Re-operative radio-guided surgery was performed using 123I-MIBG injection pre-operatively on the morning of surgery, and a hand-held gamma probe in the operating room. Exploratory laparotomy and adhesiolysis was performed, revealing multiple tumor implants. Using the gamma probe, pheochromocytomatosis was identified in the left paracolic gutter, left adrenal bed, spleen, and omentum. Tumor implant counts per second (CPS) were over 4 times that of background counts (i.e., 200 to 400 CPS compared with background of 20 to 50 CPS). The suspected tumor implants were sent for frozen section, which confirmed pheochromocytomatosis. En bloc resection was performed of all pheochromocytoma implants, which required splenectomy and omentectomy (Fig. 3 and 4). Pathology confirmed recurrent pheochromocytoma consisting of numerous (>6) tan-white, firm, encapsulated nodular implants measuring 0.5 to 1.5 cm throughout the adipose tissue abutting a remnant (3.4 cm) of adrenal gland (Fig. 3 A). There were also 9 nodules of pheochromocytoma measuring 0.2 to 1.4 cm infiltrating the omentum and covering the spleen (Fig. 3 A through C). The adrenal cortex and medulla were unremarkable and not involved by tumor. The tumor had typical zellballen architecture, with no vascular invasion or necrosis, minimal nuclear pleomorphism and hyperchromasia, and no increased mitotic activity. Microscopic clustering of chromaffin cells was seen associated with arteries, nerves, and the peri-adrenal retroperitoneal tissue. Screening immunohistochemistry for SDH subunits was negative, with normal expression of SDHB (SDH complex iron-sulfur subunit, mitochondrial) protein in tumor cells. Postoperatively, antihypertensive medications were tapered off and the patient experienced an excellent recovery, with normotension (blood pressure 105/72 mm Hg) and resolution of symptoms. Follow-up free plasma metanephrines at 6-months post-surgery were normal.
Fig. 3.
Surgical specimens showing (A) en bloc resections of multiple nodules of pheochromocytomatosis infiltrating the left adrenal bed and left paracolic gutter, and the spleen and omentum. (B,C) Closer view of nodules of pheochromocytomatosis infiltrating the omentum and spleen. Metal surgical clips are seen in areas where tumor nodules were biopsied for frozen section.
Fig. 4.
View of surgical bed following en bloc resection of pheochromocytomatosis deposits.
DISCUSSION
Iatrogenic pheochromocytomatosis is a rare cause of recurrent pheochromocytoma. Overall, recurrence of pheochromocytoma following open adrenalectomy has been estimated at 6 to 8% (8). Data on recurrence rates following minimally invasive, including retroperitoneoscopic, adrenalectomy are limited; however, emerging results suggest increased recurrence following laparoscopic adrenalectomy (9). The main risk factors for recurrence are genetic predisposition or malignancy (10,11). However, recurrence may also result from intra-operative disruption of a tumor leading to implantation and eventual pheochromocytomatosis (12). Brennan and Keiser (12) describe one case of pheochromocytomatosis following open adrenalectomy due to seeding of tumor cells at the operative site. Three cases of pheochromocytomatosis have been described following laparoscopic transabdominal adrenalectomy (13). As in our patient, the diagnosis was firmly established in these 3 cases with biochemical and 123I-MIBG evidence of recurrence, and there was no personal or family history of endocrine disorders. Importantly, imaging confirmed recurrence in the initially-operated adrenal bed, with no evidence of visceral metastasis, contralateral adrenal tumor, or tumor in other extra-adrenal locations. As in our patient, the original operative reports of these 3 cases described tumor “spillage”, “friability”, and “extensive dissection and late ligation of adrenal vein”, respectively; the authors suggested these as possible methods of local seeding (13).

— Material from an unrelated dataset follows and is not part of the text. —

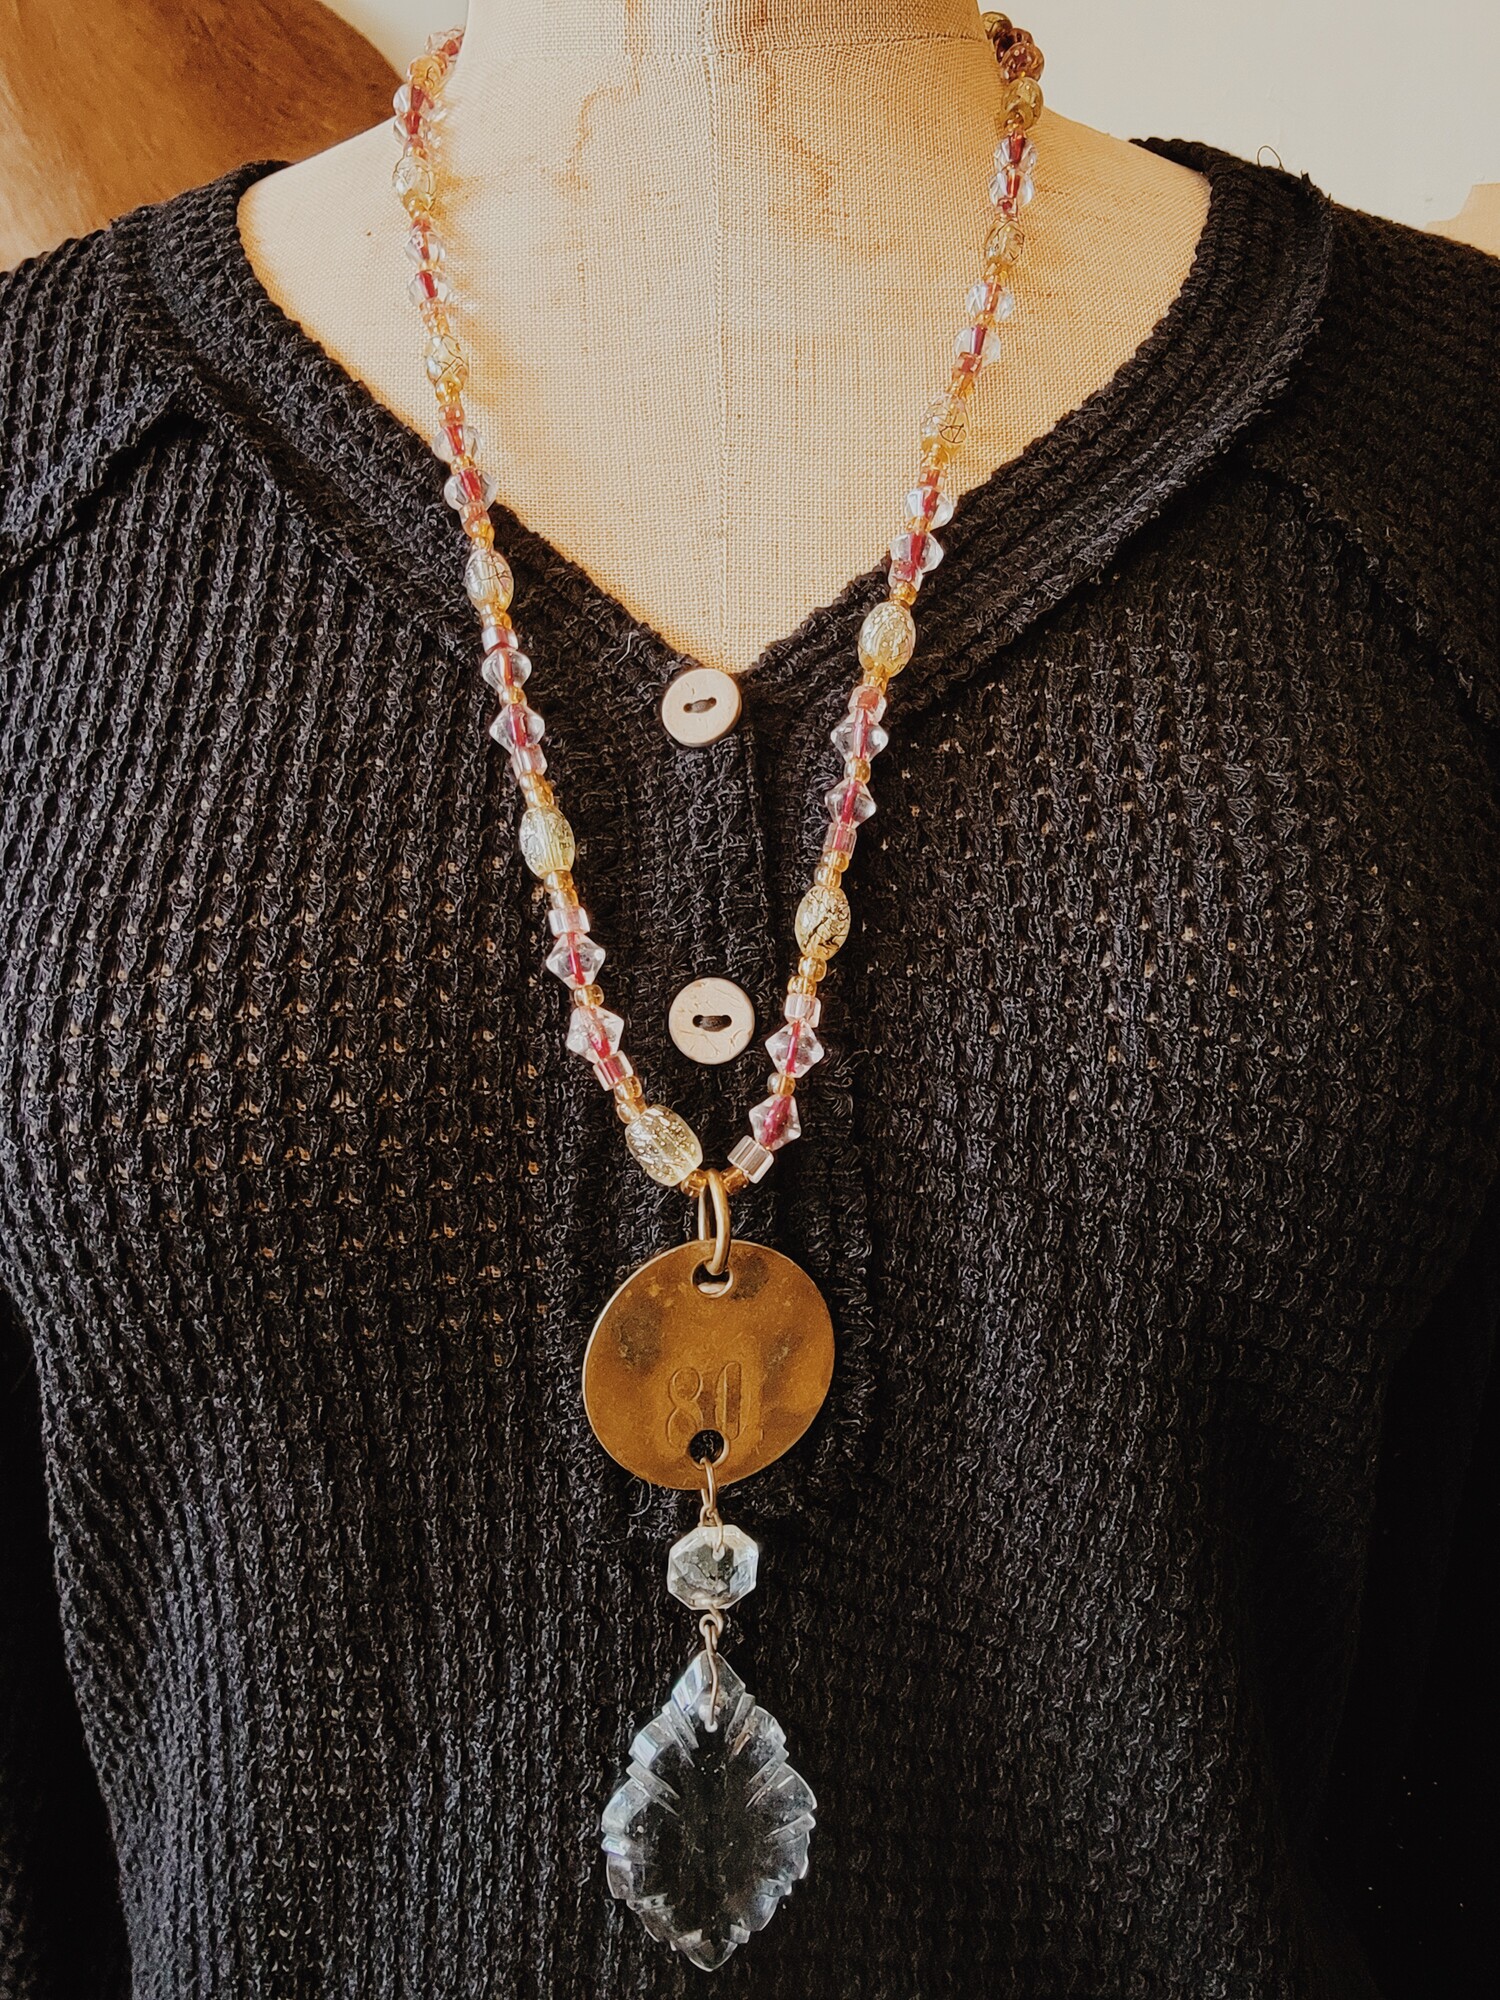 This one of a kind necklace is on a strand with a variety of pink, clear, and yellow beads. It has a circle brass plate as a pendant with 80 engraved in it and a crystal hanging from that. The necklace strand is 28 inches.

The biological behavior of a pheochromocytoma contributes to eventual recurrence, but it is exceedingly difficult to distinguish benign from malignant tumors using initial clinical and pathological information (11,14). Nonetheless, there was no evidence of aggressive behavior in the initial pathology or presentation of our patient. In addition, the pathology report stated that the tumor was present in multiple fragments with disrupted soft tissue, indicating that spillage during the initial surgery was highly likely. In the 3 laparoscopic cases resulting in pheochromocytomatosis, initial pathology reports confirmed no features of malignancy in 2 of the 3 cases; invasion into blood vessels and fibrous capsule was reported in the third case but with insufficient evidence to establish a diagnosis of malignancy. True malignant disease can only be diagnosed if pheochromocytoma cells are identified in a location distant from the primary tumor, such as a lymph node or the liver (15,16). In our patient, final pathology after re-operation demonstrated no evidence of nuclear atypia or invasion, and the cortical and medullary tissue did not involve tumor; thus, the recurrent nodules did not appear to be malignant or metastatic, but rather to be benign tumor implants as a result of prior seeding. However, morphology does not predict tumor behavior, and though a scaled score has been described to distinguish benign from malignant neoplasms (pheochromocytoma of the adrenal gland scaled score), it has been found to be unreliable in predicting tumor behavior (17,18). The presence of extra-adrenal pheochromocytoma and microscopic tumor deposits in the peri-adrenal retroperitoneal tissue raised the possibility of paragangliomatosis; however, screening by immunohistochemistry for SDH subunits was negative with normal expression of SDHB, which makes this less likely.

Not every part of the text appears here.